Isn’t this too soon to claim that this was some big mistake? Up until December 2024 the best available LLM barely reasoned. Everyone and their dog was saying that LLMs are fundamentally incapable of reasoning. Just eight months later two separate LLM-based systems got Gold on the IMO (one of which is now available, albeit in a weaker form). We aren’t at the level of Einstein yet, but we could be within a couple years. Would this not be a very short period of time to go from models incapable of reasoning to models which are beyond human comprehension? Would this image not then be seen as having aged very well?
I think that, at some point in the development of Artificial Intelligence, we are likely to see a fast, local increase in capability—“AI go FOOM.” Just to be clear on the claim, “fast” means on a timescale of weeks or hours rather than years or decades; and “FOOM” means way the hell smarter than anything else around, capable of delivering in short time periods technological advancements that would take humans decades, probably including full-scale molecular nanotechnology.

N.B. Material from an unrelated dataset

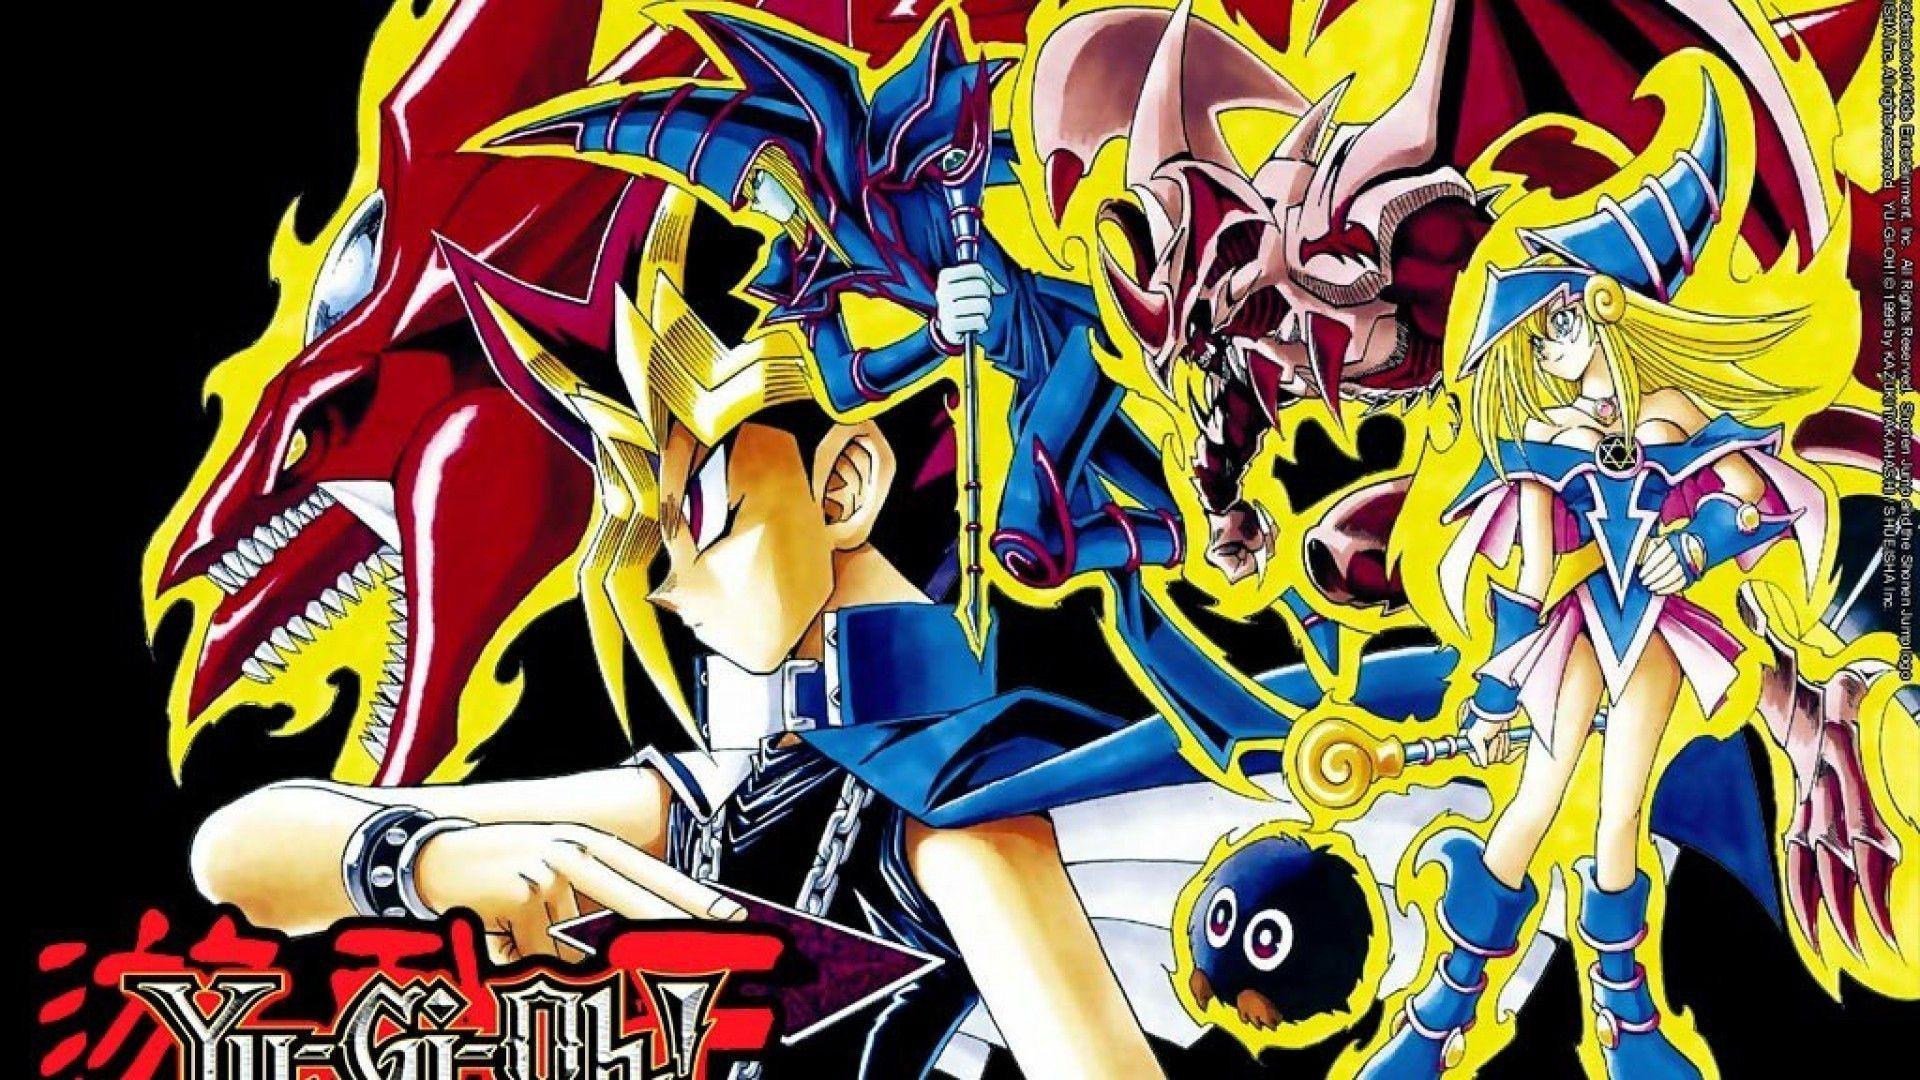 Yugioh Wallpaper HD Free Download | Anime Wallpaper

So yeah, a few years does seem a ton slower than what he was talking about, at least here.
Here’s Scott Alexander, who describes hard takeoff as a one-month thing:
If AI saunters lazily from infrahuman to human to superhuman, then we’ll probably end up with a lot of more-or-less equally advanced AIs that we can tweak and fine-tune until they cooperate well with us. In this situation, we have to worry about who controls those AIs, and it is here that OpenAI’s model [open sourcing AI] makes the most sense.
But Bostrom et al worry that AI won’t work like this at all. Instead there could be a “hard takeoff”, a subjective discontinuity in the function mapping AI research progress to intelligence as measured in ability-to-get-things-done. If on January 1 you have a toy AI as smart as a cow, and on February 1 it’s proved the Riemann hypothesis and started building a ring around the sun, that was a hard takeoff.
In general, I think, people who just entered the conversation recently really seem to me to miss how fast people were actually talking about.
It really depends what you mean by a small amount of time. On a cosmic scale, ten years is indeed short. But I definitely interpreted Eliezer back then (for example, while I worked at MIRI) as making a way stronger claim than this; that we’d e.g. within a few days/weeks/months go from AI that was almost totally incapable of intellectual work to AI that can overpower humanity. And I think you need to believe that much stronger claim in order for a lot of the predictions about the future that MIRI-sphere people were making back then to make sense. I wish we had all been clearer at the time about what specifically everyone was predicting.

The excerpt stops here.